Tuesday, January 29, 2013

Judge Posner Excludes Reasonable Royalty Calculation Based on “At Risk Profits” Instead of Cost of Noninfringing Substitute

The court granted in part defendant's motion to exclude testimony from plaintiffs' damages expert to the extent such testimony was based on the calculation of defendant’s “at risk” profits. "[Defendant] would not have paid a royalty higher than the cost to it of switching to a noninfringing substitute . . . or otherwise reworking its manufacturing process to avoid making the infringing [product]. . . . Maybe there’s no perfect substitute for the patented invention (or something quite like it). . . . But even if there is no perfect substitute, this by itself would not allow the estimation of a reasonable royalty. For that royalty would depend on the cost, in higher production costs and loss of business to competitors, of the best imperfect substitute; and [plaintiffs' expert] offered no evidence about either cost.

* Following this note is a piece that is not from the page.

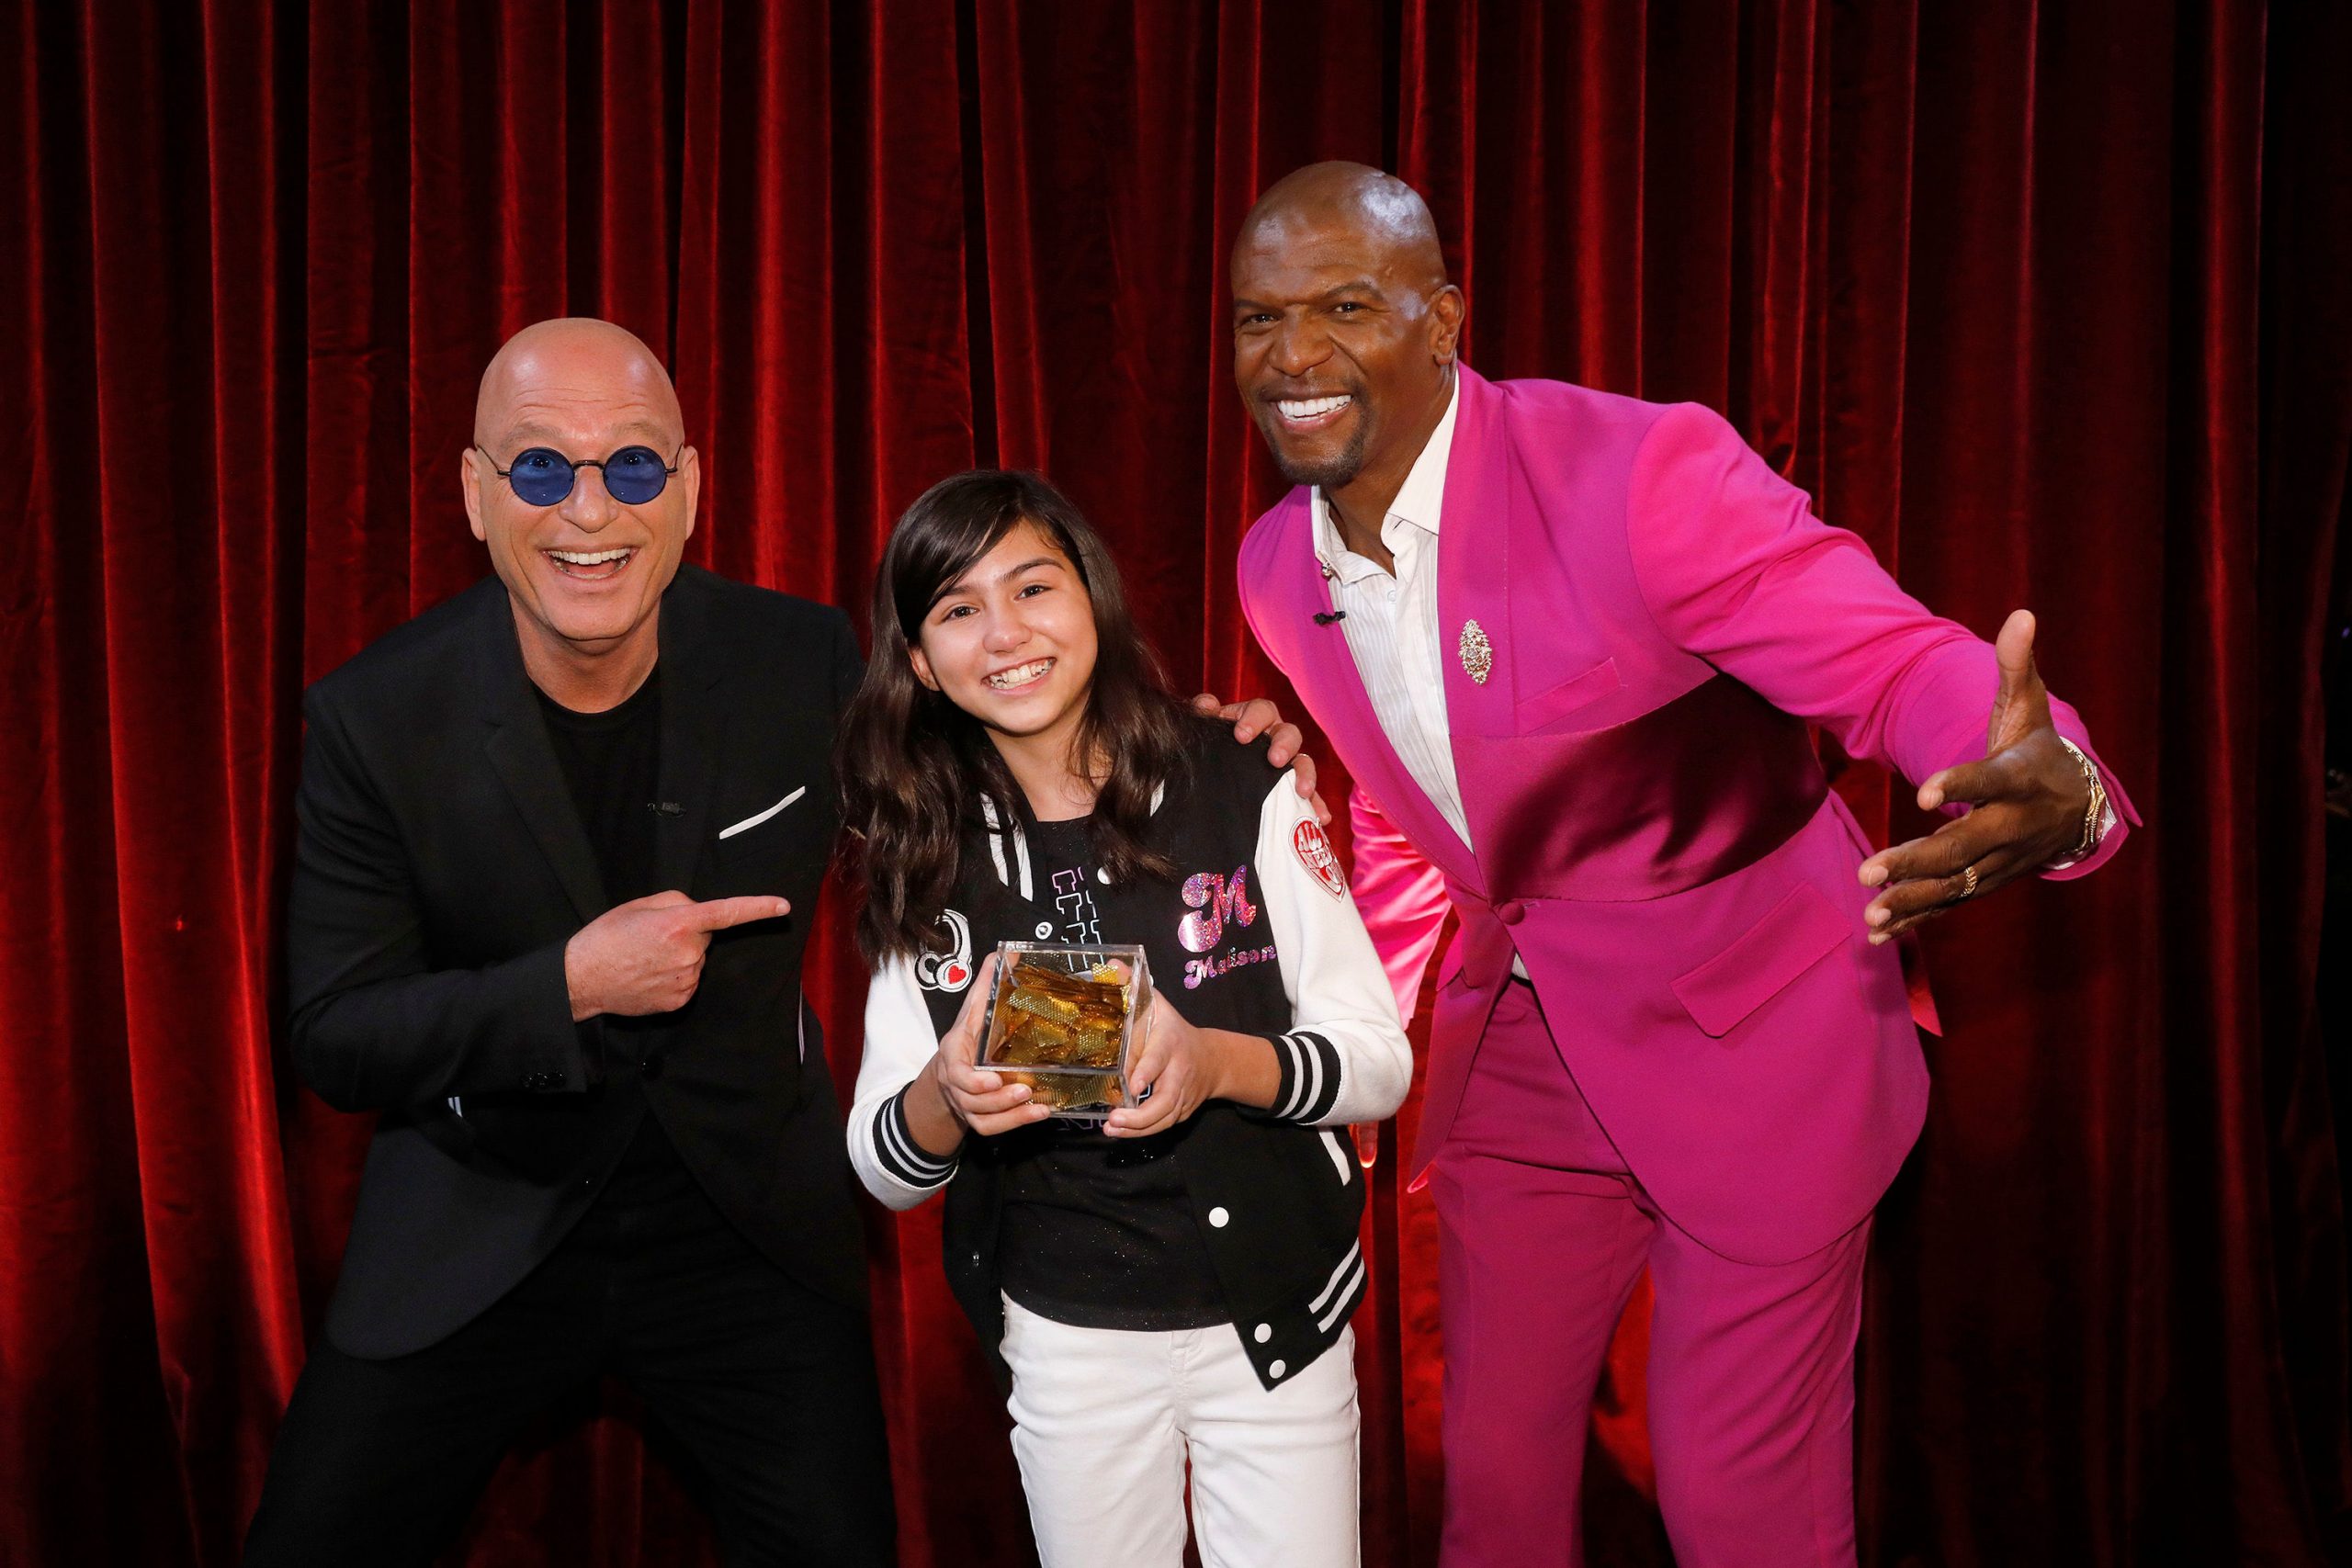 America’s Got Talent 17, episode 3: Why was Howie Mandel missing

In fact she based her calculation of a maximum reasonable royalty not on costs, but on the maximum profits of [defendant] that she deemed at risk if [it] didn’t get a license from [plaintiff]. . . . She has not used a reasonable methodology to calculate the plaintiffs’ damages by reference to [two licenses from settlements], or profits at risk, or to assess the cost of noninfringing alternatives. [One of plaintiff's nonexclusive licenses], however, remains a possible basis for estimating a reasonable royalty for a license to [defendant]. She may testify to that, and also to general principles of patent damages."

Brandeis University, et. al. v. East Side Ovens, Inc., et. al., 1-12-cv-01508 (ILND January 18, 2013, Order) (Posner, C.J.).